The agency gets very specific regarding 'primary purpose.'

One year to the day after the original CAN-SPAM bill was signed into law, the Federal Trade Commission issued final regulations specifying what constitutes an email with "commercial primary purpose".

The ruling closely follows the text of the proposal released on August 13, with important new specifics that seek to dispel the ambiguity around determining the primary purpose of dual-use messages, said Catherine Harrington-McBride, staff attorney for the FTC's Bureau of Consumer Protection.

For single-use messages, either commercial or transactional relationship, the primary purpose is simple enough to determine. However, it is the criteria addressing dual-use messages that will most affect email marketers and advertisers.

First, emails containing both commercial and transactional relationship content are considered commercial if a recipient reasonably interpreting the subject line would likely conclude that the message contains commercial content.
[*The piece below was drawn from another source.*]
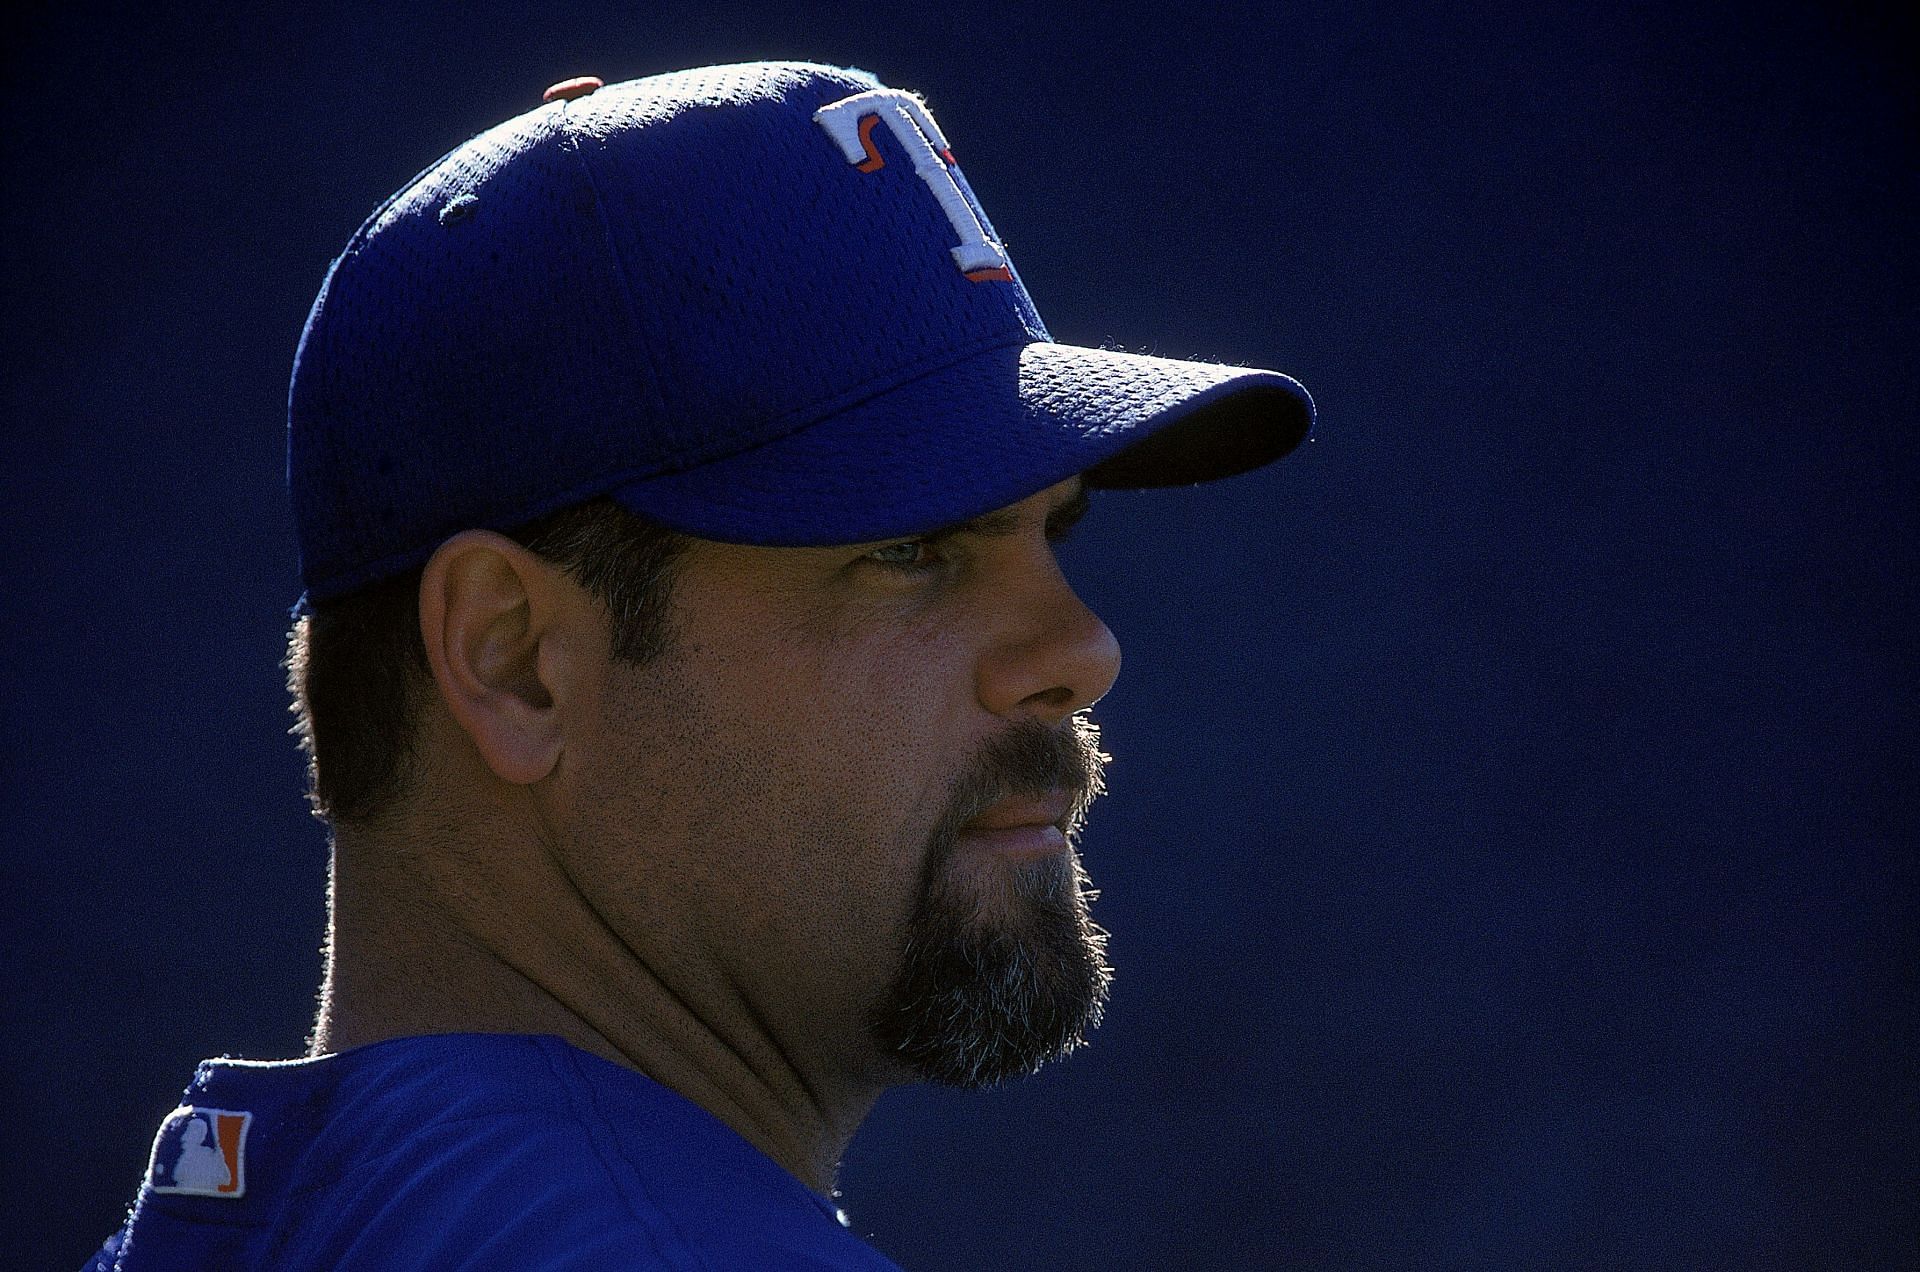 10 things we learned about former Astros star Ken Caminiti in new

It would also be considered commercial if the email's transactional relationship content does not appear in whole or substantial part at the beginning of the body of the message.

Secondly, for emails that contain both commercial content and content that is neither commercial nor transactional or relationship, the primary purpose will be deemed commercial if a recipient reasonably interpreting the subject line or body of the message would likely conclude the primary purpose is commercial.

The key factors relevant to that interpretation include the placement of commercial content in whole or substantial part in the beginning of the body of the message; the proportion of the message dedicated to commercial content; and how color, graphics, type size, and style are used to highlight commercial content.

"The primary purpose criteria will enable businesses to understand their responsibilities under the CAN-SPAM Act," Harrington-McBride said. "It sets forth the criteria by which emailers can determine whether their messages fall within the commercial category."

Whereas the text of the initial CAN-SPAM law left important questions as to what qualifies as commercial intent open to debate, the new ruling is strikingly more detailed, said Elaine O'Gorman, vice president of Silverpop, an email marketing solutions provider.

"As for the text of the ruling, it's very clear," O'Gorman said. "I think it's the specificity of detail, of what portion of the email commercial content appears, whether it's subject line, or top of the body of the email message, that will really take email marketers by surprise."

On a practical level, adhering to the new regulations is likely to be simple for most businesses, according to Trevor Hughes, executive director of the E-mail Service Provider Coalition.

"While the new legal language is helpful, the fact remains that compliance with CAN-SPAM is not that painful," Hughes said. "For most companies that engage in email marketing, they probably won't have to change their existing practices too much."